Умбра поспешил на выручку Репреву, пронзительно и жалостливо выкрикивая его имя, но кто-то из отряда подхватил дракончика на руки и, чтобы тот не мешался, унёс его из квартиры.
Астра, оторопев, не успел ничего предпринять: он лишь почувствовал, как к нему сзади подскочили, сильной рукой, схватив за грудь, прижали к себе, что-то липкое и щиплющее заволокло глаза, и обрушилась тьма.
Цингулон выхватил из-за пазухи малахитовую кисть, режущим взмахом закрасил Агнии глаза, и её, упирающуюся, под локти подхватил отряд.
Всё происходило чётко, продуманно и слаженно, как отрепетированный спектакль, как будто играл оркестр.
– Я не позволю обращаться с собой, как с каким-то неразумным зверем! – брыкался Репрев, и петля сильнее врезалась в горло. – Вы ещё за это поплатитесь!
– Простите, но наручники на том, у кого и рук никаких нет, выглядели бы нелепо, согласитесь? – послышался над ухом Репрева насмешливый бас Цингулона. – Мера эта временная, прошу потерпеть. И благодарю вас за то, что занавесили окна – вы облегчили нам задачу. Наши малахитовые краски изготавливаются только из естественных материалов. Сейчас вы буквально смотрите в космическую тьму. Любуйтесь ею и не дёргайтесь.
– Но зачем нам закрашивать глаза? Мы все знаем, где пролегает граница, – сказал Астра, смотря туда, откуда, как ему казалось, исходил звук басовитого голоса доктора. Ему, как и Агнии, заложили руки за спину и вели его, ослеплённого, на выход.
– Да, – певуче согласился голос Цингулона. – Но я очень осторожный феликефал. Уводите!
Агния ступала по лестнице твёрдо и осторожно, держась за перила, мысленно прощаясь навсегда и с квартиркой, и с этим грязным, облупленным, но таким родным подъездом, сожалея лишь о том, что прощание проходило в спешке. «А может, оно и к лучшему, что в спешке», – словно утешая себя, подумала кинокефалка.
Впереди неё вели спотыкающегося Репрева, позади – Астру, повторяющего в голове одни и те же слова, как заклинание: «Только бы с ней и с Умброй всё было хорошо, только бы хорошо… Всё ради них – я бы сам три раза сходил в Коридор, туда и обратно, только бы хорошо, хорошо!». Но повторял он с убеждением, что в этом повторении есть некая священная необходимость. И принуждал себя повторять, сам не понимая или не желая понимать, что принуждает.
Знакомо застонала подъездная дверь, и вокруг, словно подтрунивая, закружился вольный весенний ветер.
– Дальше порог, – предупредил строгий голос отрядовца, подсаживая преступников в просторный безоконный кузов большого грузовика.

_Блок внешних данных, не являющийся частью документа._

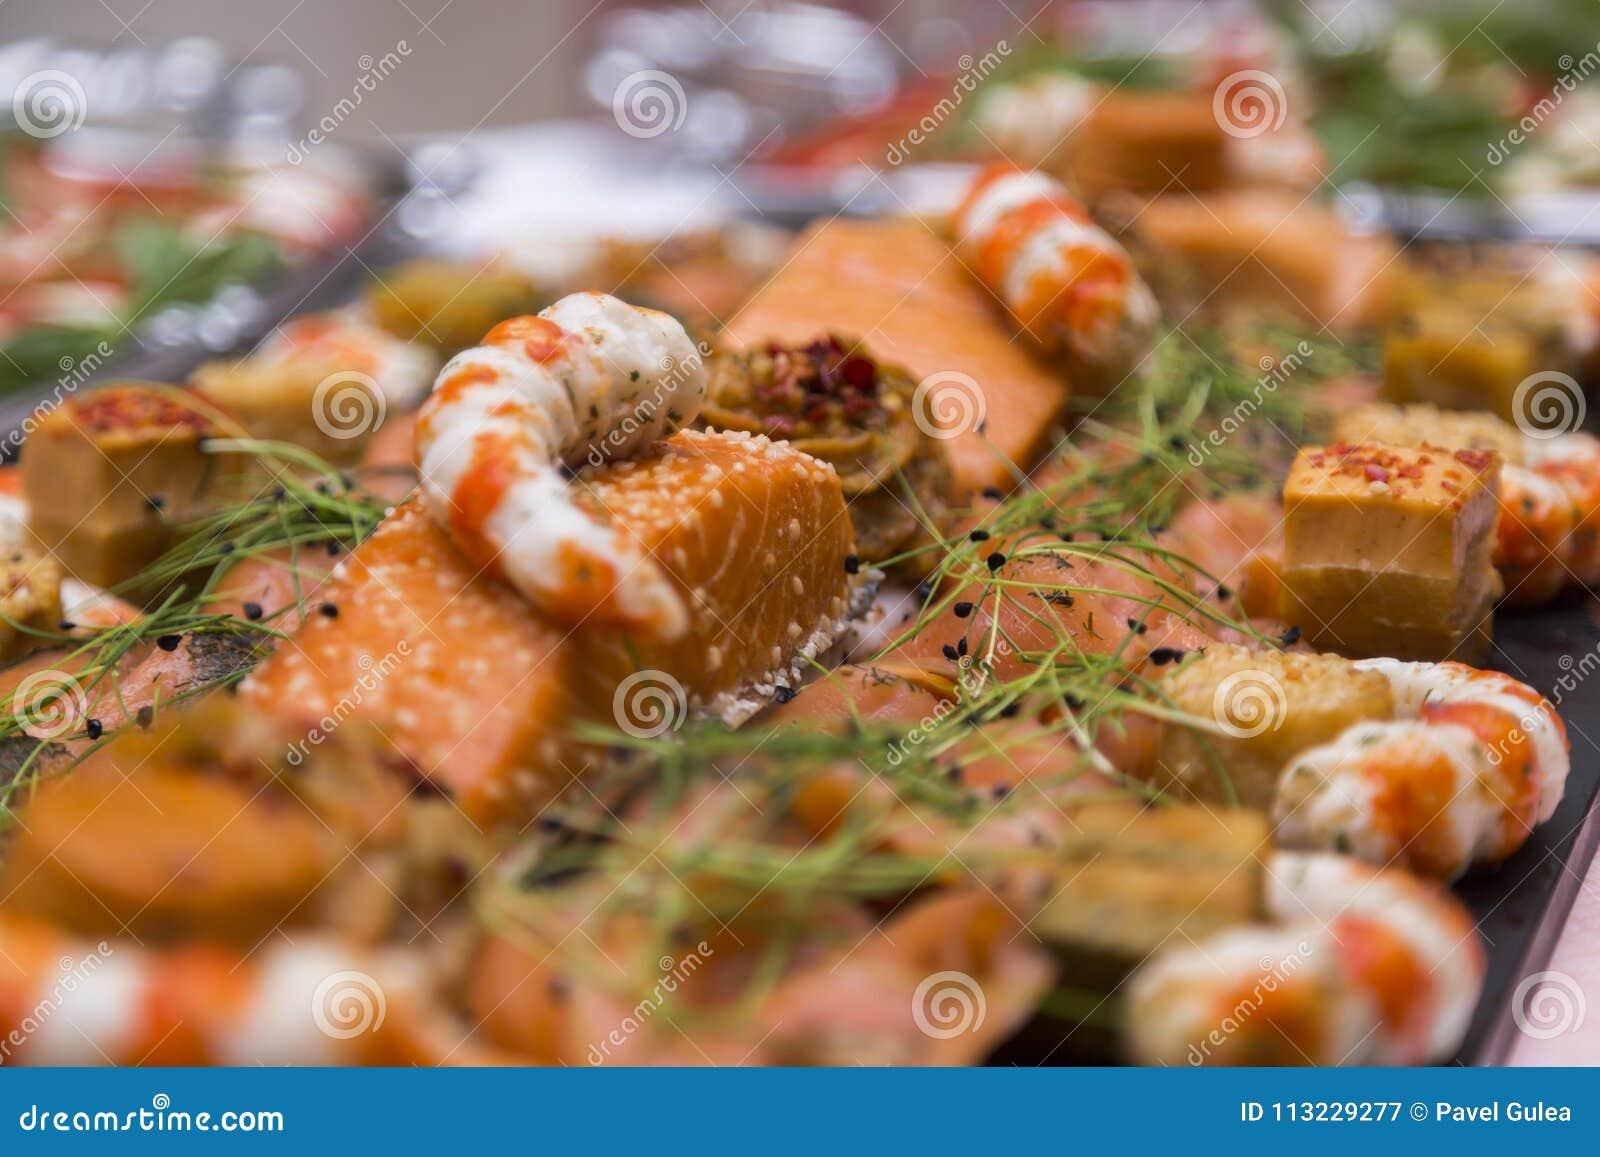 Wedding buffet with Cuisine Culinary Buffet Food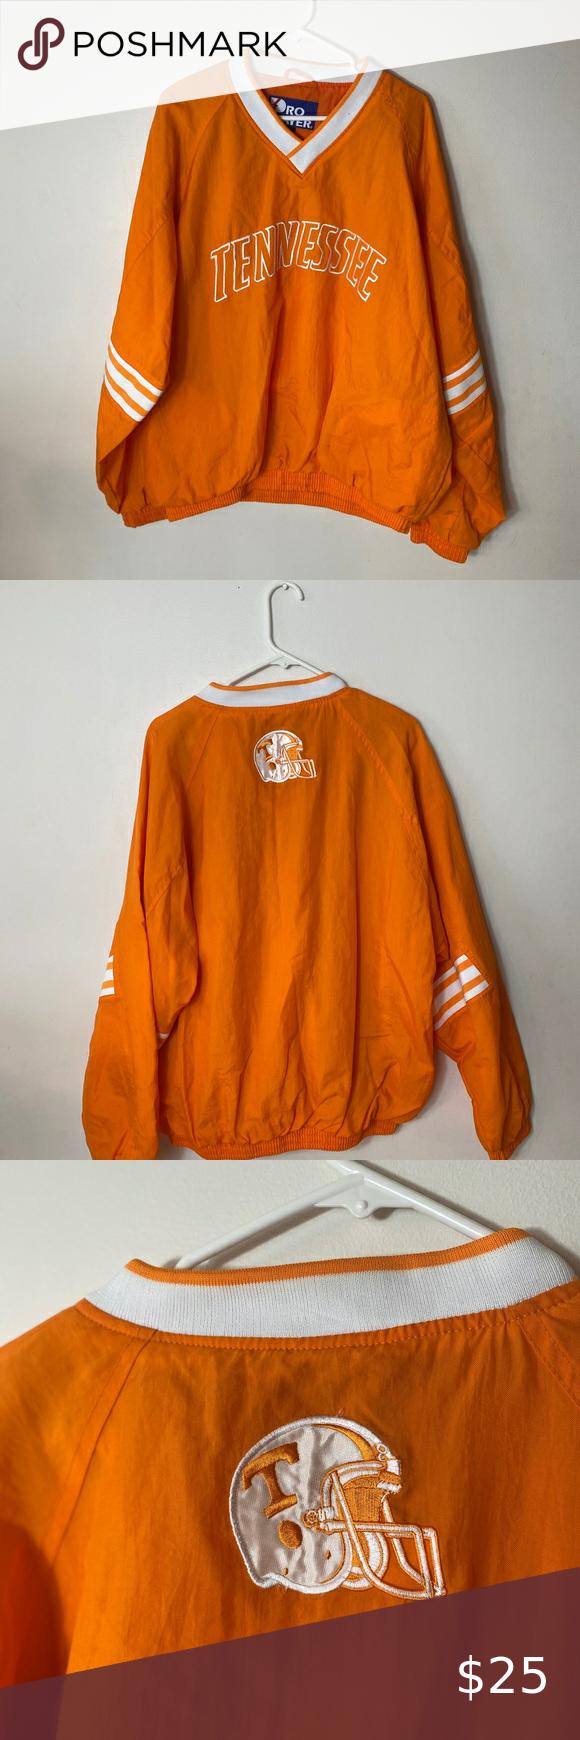 Tennessee Vintage Orange Pro Layer Pullover Pullover Sweatshirt Shirt Clothes Design [ 1740 x 580 Pixel ]

Генерал Цингулон, оглядевшись вокруг и переведя глаза на окна, удостоверился, что всё происходит без свидетелей, и вместе со своим отрядом зашёл за преступниками в кузов.
– Умбра, ты здесь? С тобой всё в порядке? – взволнованным голосом спросила в пространство Агния; её сдавливали широкие плечи – она сидела в тесноте, между двумя отрядовцами.
– Да, я здесь. Всё в порядке, – откуда-то спереди ей смело ответил голос Умбры. Фамильяру тоже закрасили его большие глаза.
– Посадите мне его на колени! – потребовала Агния, привстав, но её сейчас же усадили за плечи.
– Нет, все остаются на своих местах и соблюдают тишину, – сказал Цингулон. – Скоро прибудем. В Зелёном коридоре наговоритесь.
Дверь захлопнулась с тем же настроем, с каким ставится точка, машина забрехала рёвом и, исполински дрожа, тронулась, наворачивая на колёса клубы пыли.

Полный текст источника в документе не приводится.